For those who don’t know the difference, Litho printing use impact to put down information on the page and is used normally for high volume print runs. These high volume print runs of brochures etc are normally very much cheaper per copy than an equivalent digital print.

Also Litho is used for business stationery as there is no heat used in the process of putting down the ink. If your headed paper was printed digitally there is a chance that when you put it in your business laser or desktop laser printer, the heat used in these printers will possibly reactivate the toners and you end up with a nice mess and possible damage to your printer.

Digital printing has over the years been biting at the heels of Litho printing as it steels more of the traditional print market year on year.

Lithographic printing is a completely different method of printing. The digital design you send into your printer is actually engraved onto a metal plate. That plate is then covered in ink and rolled onto paper during the print process leaving a near perfect replication of your design. Modern lithographic printers are fundamentally very simple but very technologically advanced in practice. A decent litho printer is likely to set you back millions of pounds, not including the constant upkeep and other running costs.
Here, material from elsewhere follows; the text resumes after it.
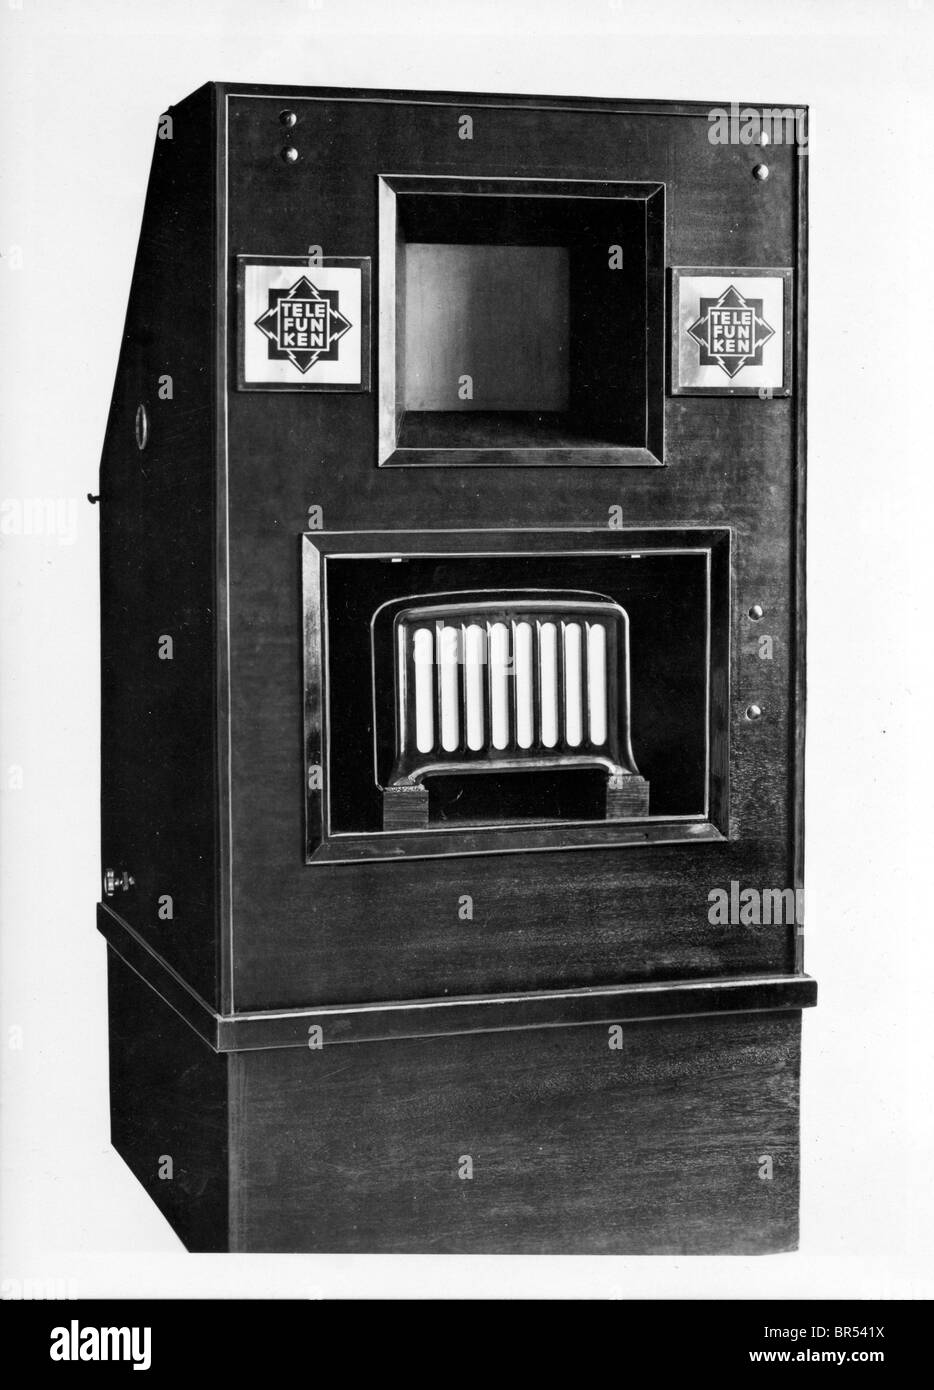 Photographie historique de la télévision Telefunken, VHF, vers 1930 Banque D'Images

Why do you need two different printing techniques is the results are essentially the same? Well as far as you, the customer is concerned it comes down to price. Digital printing has virtually no setup costs. Lithographic printing on the other hand has very large setup cost because of the engraved metal plates we mentioned above. So if you were going to print 100 A5 flyers it would be substantially more cost effective to use digital printing because of the reduced setup costs. However, digital printing is a more expensive print process in unit terms i.e. each individual, flyer, poster, leaflet etc. So when it come to doing print runs of 1000 copies plus, the setup cost starts to pay for itself and litho printing becomes substantially cheaper.

It’s worth noting that Lithographic printing is a far slower process than digital printing, mainly because of the plate engraving required. Shanowen files offers a 4-5 working day turnaround on our lithographic printing and a 1-2 working day turnaround on our digital printing (standard delivery tiers).